REQUIRED ACTION
Pull every line containing the word "Full" from the records.

====== TASK DATA ======

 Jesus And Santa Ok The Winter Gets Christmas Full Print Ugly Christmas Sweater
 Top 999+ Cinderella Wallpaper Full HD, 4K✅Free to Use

======
====== TASK DATA ======

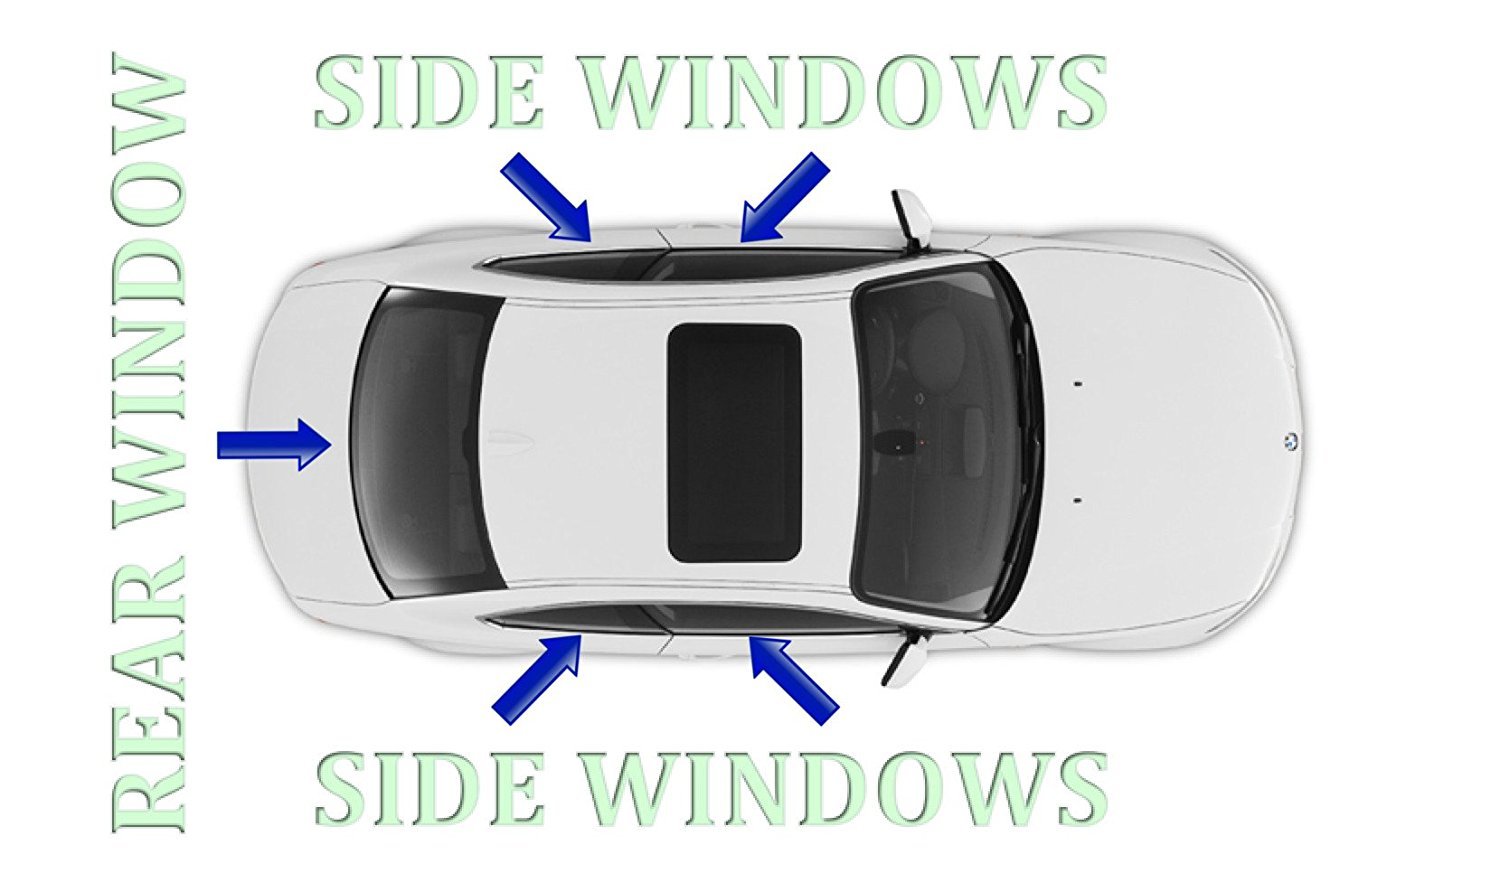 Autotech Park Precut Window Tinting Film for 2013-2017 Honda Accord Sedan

======

SOLUTION TO THIS EXERCISE
 Jesus And Santa Ok The Winter Gets Christmas Full Print Ugly Christmas Sweater
 Top 999+ Cinderella Wallpaper Full HD, 4K✅Free to Use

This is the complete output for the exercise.